- Born: May 24, 1924 Harris County, Texas
- Died: July 19, 2013 (aged 89) Houston, Texas
- Occupations: chemical engineer, professor

= Riki Kobayashi =

American chemical engineer (1924–2013)

Riki Kobayashi (1924-2013) was a chemical engineer and a long-time professor of chemical engineering at Rice University. A native of Harris County, Texas, he attended Rice University (then known as Rice Institute) and earned the Bachelor of Science in chemical engineering at the age of 19. After serving in the U.S. Army, he went to the University of Michigan, where he earned the Master of Science degree in 1946 and the Doctor of Philosophy degree in 1951, both in chemical engineering. He became a member of the Rice faculty in 1951 and remained there until he retired in 1994. He died July 19, 2013, in Houston, Texas.

== Professional career ==
Kobayashi was a diligent researcher who was widely known for his investigations of thermodynamic and transport properties, particularly of natural gas liquids and hydrates. He has been credited with writing at least 200 articles for professional journals. In 1949, he was a co-author of the Handbook of Natural Gas Engineering, which is still used by engineers in the industry. Later, while teaching at Rice University, he became well known for his pioneering work in phase equilibrium, physical properties and transport properties which were highly important to the development of the natural gas processing industries.

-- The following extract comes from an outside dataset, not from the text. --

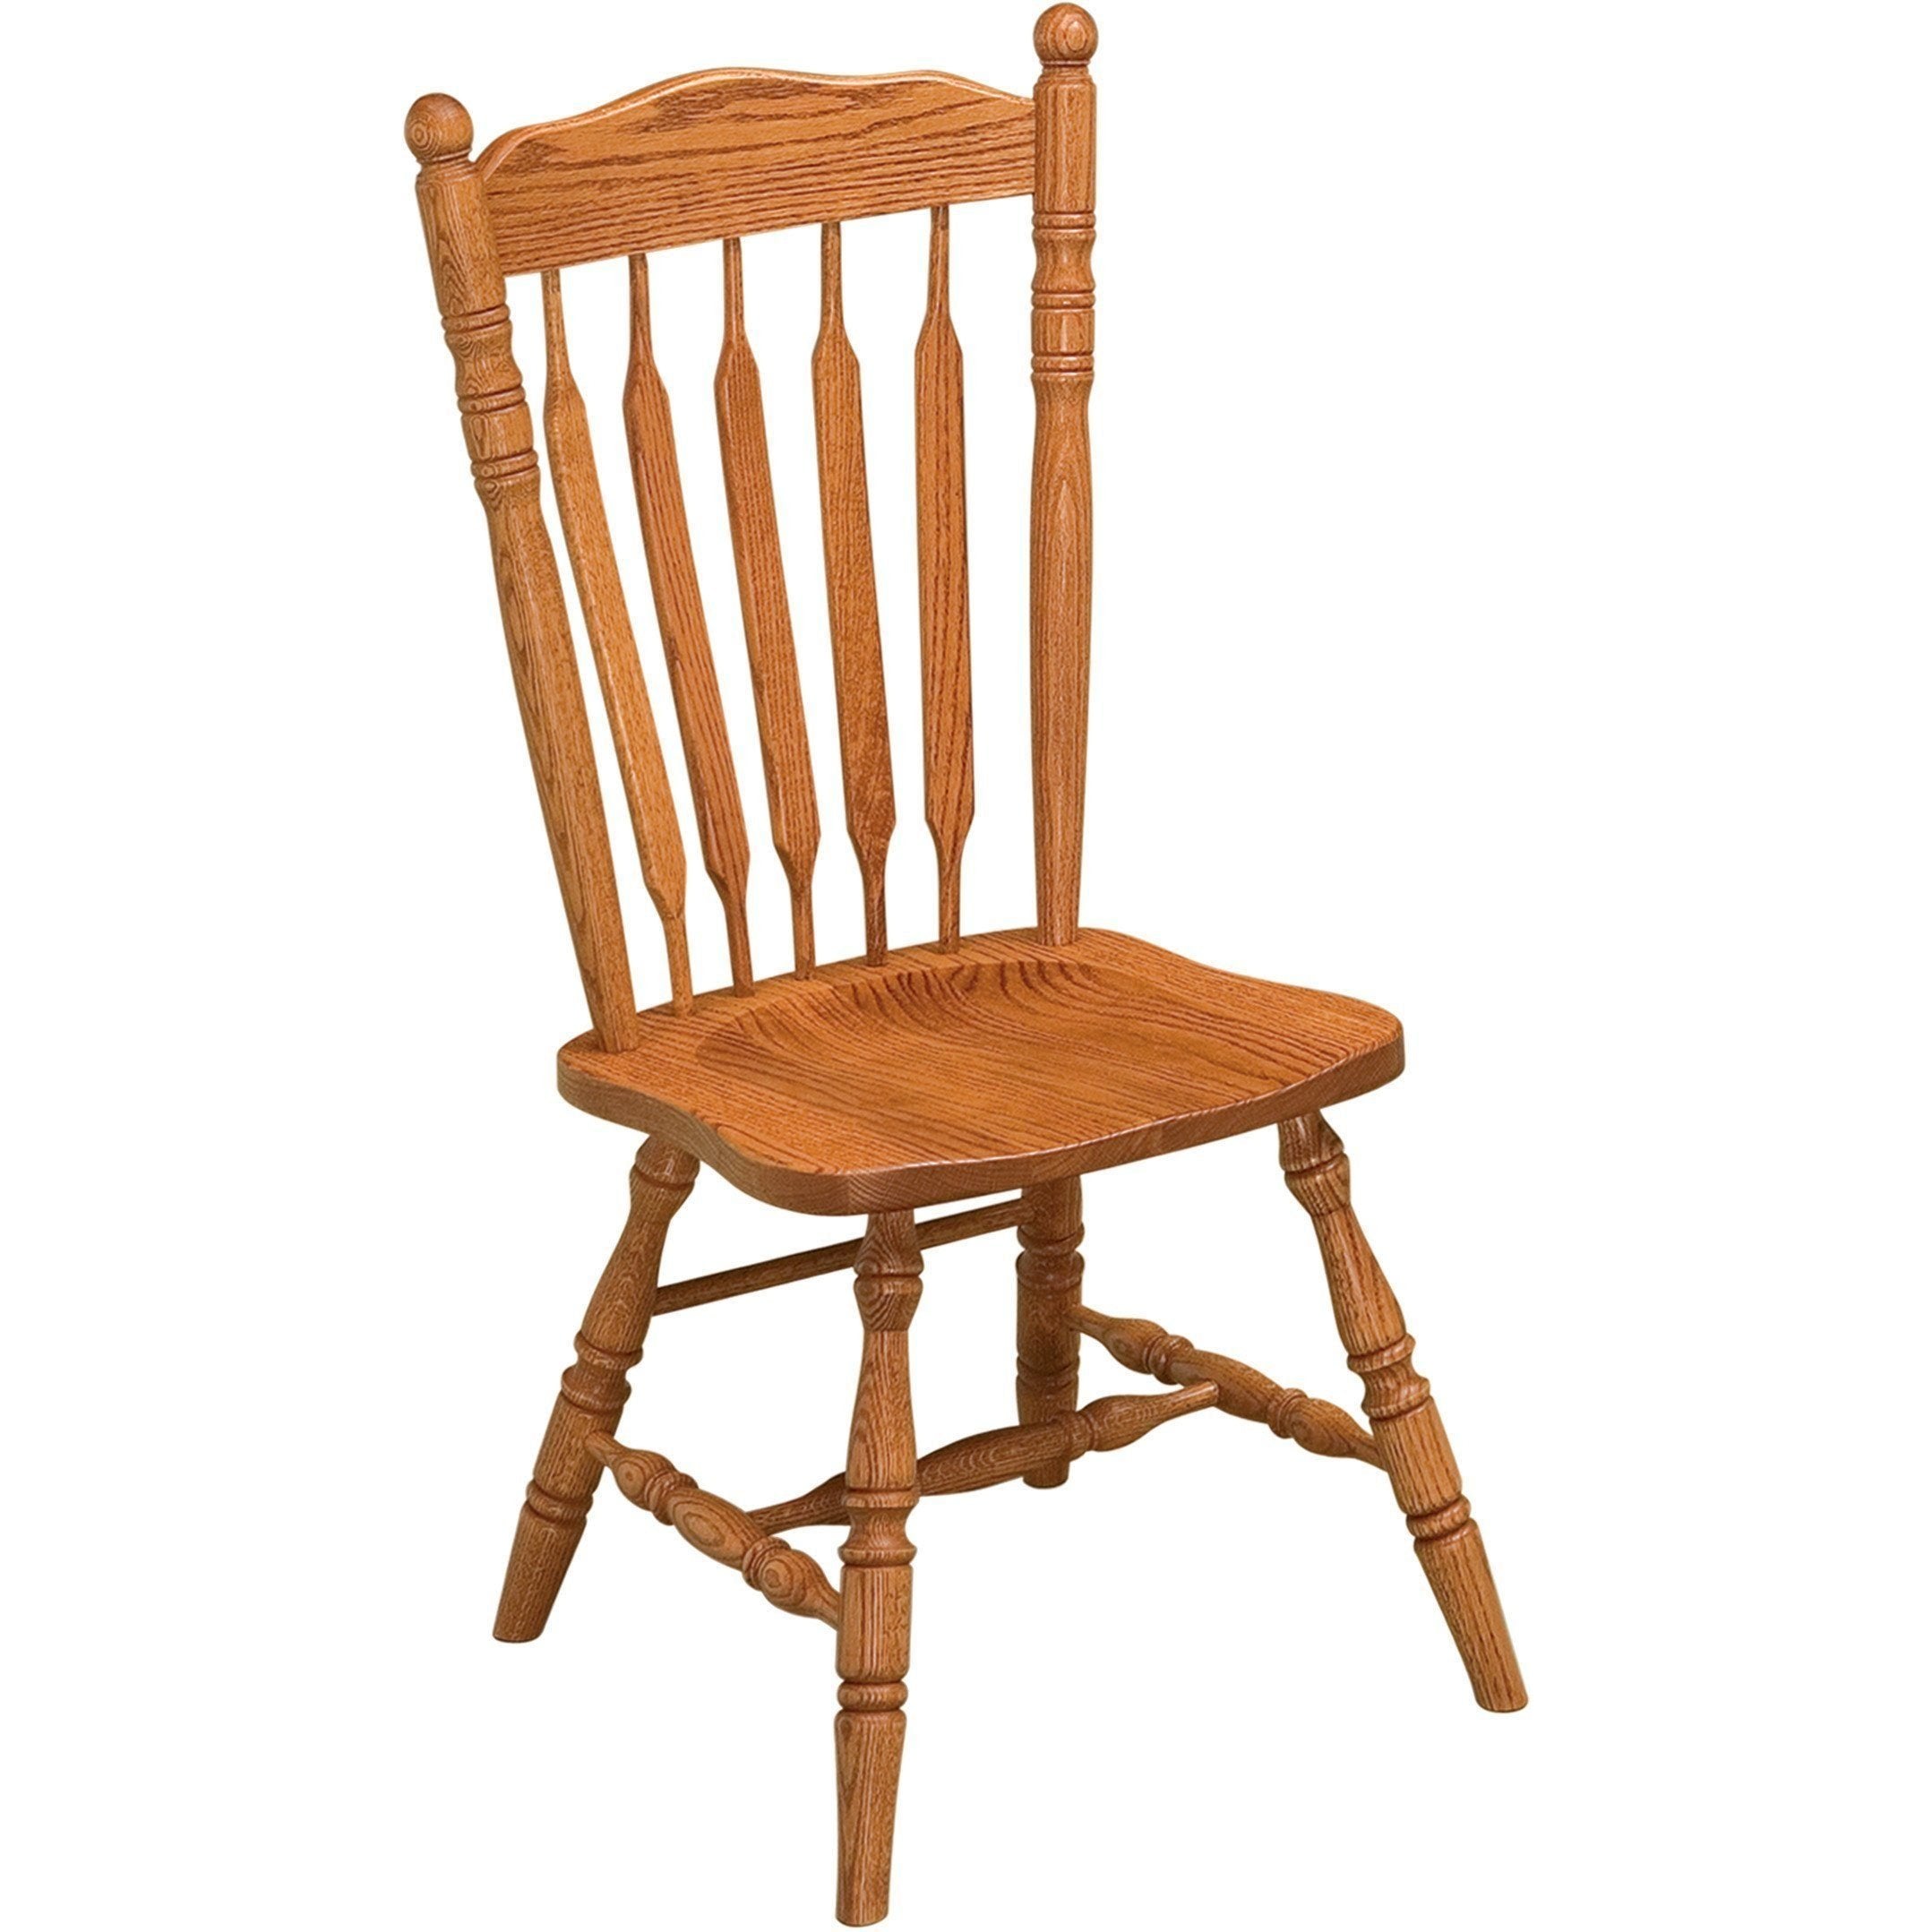 postpaddle-side-chair-260270.jpg

He belonged to several professional associations, including:
- American Chemical Society (ACS)
- American Institute of Chemical Engineers (AIChE)
- American Institute of Chemists
- American Institute of Mining, Metallurgical, and Petroleum Engineers
- Academy of Medicine, Engineering and Science of Texas
- Japan Institute of Chemical Engineering
- National Academy of Engineering (NAE)
He also belonged to Sigma Chi, Alpha Chi Sigma, Tau Beta Pi, Phi Lambda Upsilon, and Phi Kappa Phi.

Dr. Kobayashi was addressed simply as Riki by nearly all of his graduate students throughout his career. Graduate students who had come directly from Japan were the exception; they used the Japanese honorific "sensei" (teacher), a sign of great respect.

== Honors and awards ==
The AIChE honored Kobayashi by presenting a symposium in his honor in 1987, where the society called him, "...one of the century's most prolific researchers in thermodynamic and transport properties." He received many other professional honors during his lifetime. Among these were:
- Appointed to Louis Calder Chair in Chemical Engineering at Rice in 1965.
- Outstanding Engineering Award by Rice University in 1985.
- First annual Donald Katz Award by the Gas Processors Association in 1985.
- Election to National Academy of Engineering (NAE) in 1995. (Note: The NAE citation reads:"For advances in the knowledge and measurement of the thermodynamic and transport properties of natural gas liquids and gas hydrates.")
- Albert Einstein Medal awarded by the Russian Academy of Natural Sciences in 2010.

The Riki Kobayashi Fellowship in Chemical Engineering was created in his honor. The first award was made in 2005.

== Personal life ==
Kobayashi was born in Webster, Texas on May 13, 1924. His parents were Mitsutaro and Moto Shigeta Kobayashi. (Note: The 1940 U. S. Census shows the Kobayashi family living in Precinct 2, Harris County, Texas) Both parents were born in Japan. Mitsutaro Kobayashi's occupation was listed as a farmer. He was survived by his wife, two sons, two stepdaughters, a brother and three sisters as well as his grandchildren.